From reading on my tax program the formula is pretty simple.

Proceeds of Disposition – Adjusted Cost Base – Outlays and Expenses = Gain x 50% = Taxable Capital Gain 

Now that part is easy, defining each component is a bit tricker.

Proceeds of Disposition is straight forward. What I sold my condo for.

Adjusted Cost Base is also pretty straight forward. So basically my original purchase price plus any expenses incurred to acquire the property.

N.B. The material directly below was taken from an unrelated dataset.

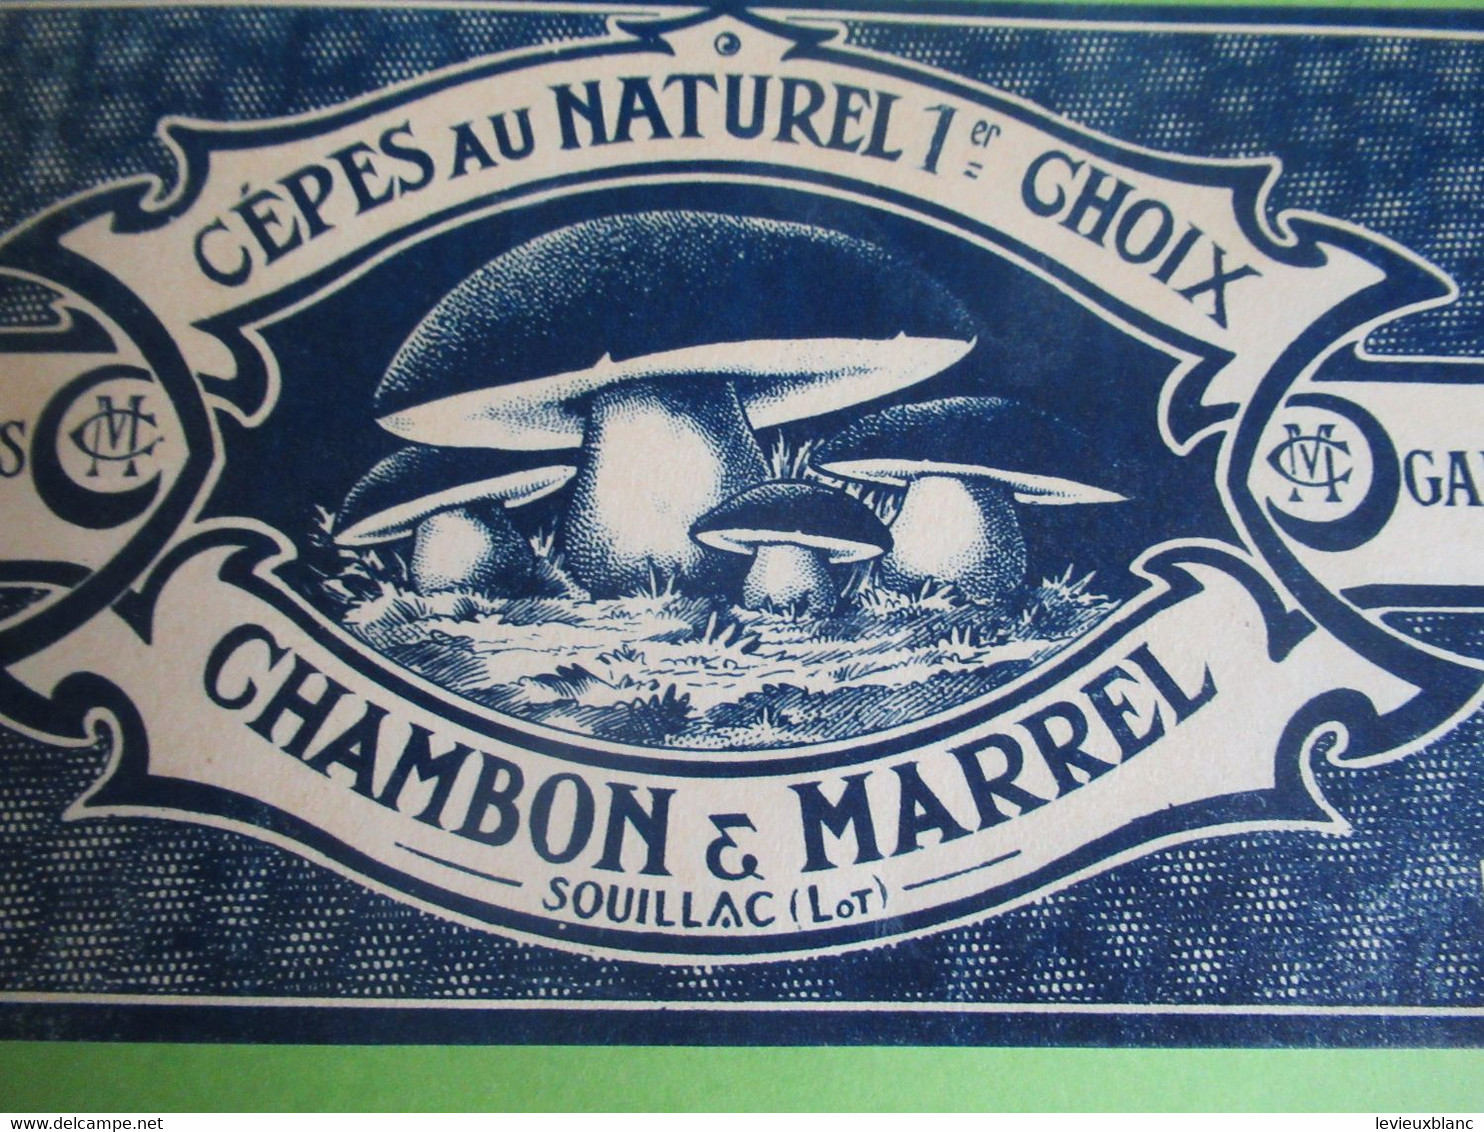 Etiquette Conserve/Cèpes Au Naturel 1er Choix/CHAMBON & MARREL/SOUILLAC ( Lot ) / Début XX                  ETIQ182 - Frutta E Verdura

Tricky part is the Outlays and Expenses. This is the amount that I incurred to sell the property. From what I have read it seems that these types of expenses include fixing-up expenses, finders' fees, commissions, brokers' fees, surveyors' fees, legal fees, transfer taxes, and advertising costs. With that being said, if I owned the condo for 10 years and spent for example $1000 a year in upkeep, would this be valid to include or does this only include any "fixing-up expenses" that I had to pay now to sell the property?

Thanks in advance!


----------



## stardancer

ECMoney said:


> ...
> Tricky part is the Outlays and Expenses. This is the amount that I incurred to sell the property. From what I have read it seems that these types of expenses include fixing-up expenses, finders' fees, commissions, brokers' fees, surveyors' fees, legal fees, transfer taxes, and advertising costs. With that being said, if I owned the condo for 10 years and spent for example $1000 a year in upkeep, would this be valid to include or does this only include any "fixing-up expenses" that I had to pay now to sell the property?
> 
> Thanks in advance!


If you have done improvements in the past that would count as capital expenditures, those expenses should have been added to the cost base and increase your adjusted cost base.

Upkeep expenses such as utilities, cleaning, property taxes, insurance and the like should have been used as expenses against rental income. If you didn't have rental income, you lose them.

Fixing-up expenses to get the place ready to sell are added to the outlays and expenses total.


----------



## ECMoney

stardancer said:


> Fixing-up expenses to get the place ready to sell are added to the outlays and expenses total.


Thanks for the help! Much appreciated.


----------



## tonygow

*Followup question on capital gains*

I have been including cost of acquisition, leasehold improvements and expenses in my yearly taxes. I have accumulated a BNIL of 25K over the last 4 years. Would this be included as part of the ACB or do I need to show cost of acquisition and cost of disposal as separate items.


----------



## Cal

And to further clarify the above formula.

If the sale price we 250K, and the original purchase price were 100K, and not including expenses for the sake of simplicity.

Then the gain would be 150K x 50%, which would equal 75K. And that 75K would be taxable at the individuals personal tax rate. Is that correct?


----------



## kcowan

Yes!


----------



## Cal

Would legal fees and RE agent fees count as the above mentioned 'outlays and expenses'?


----------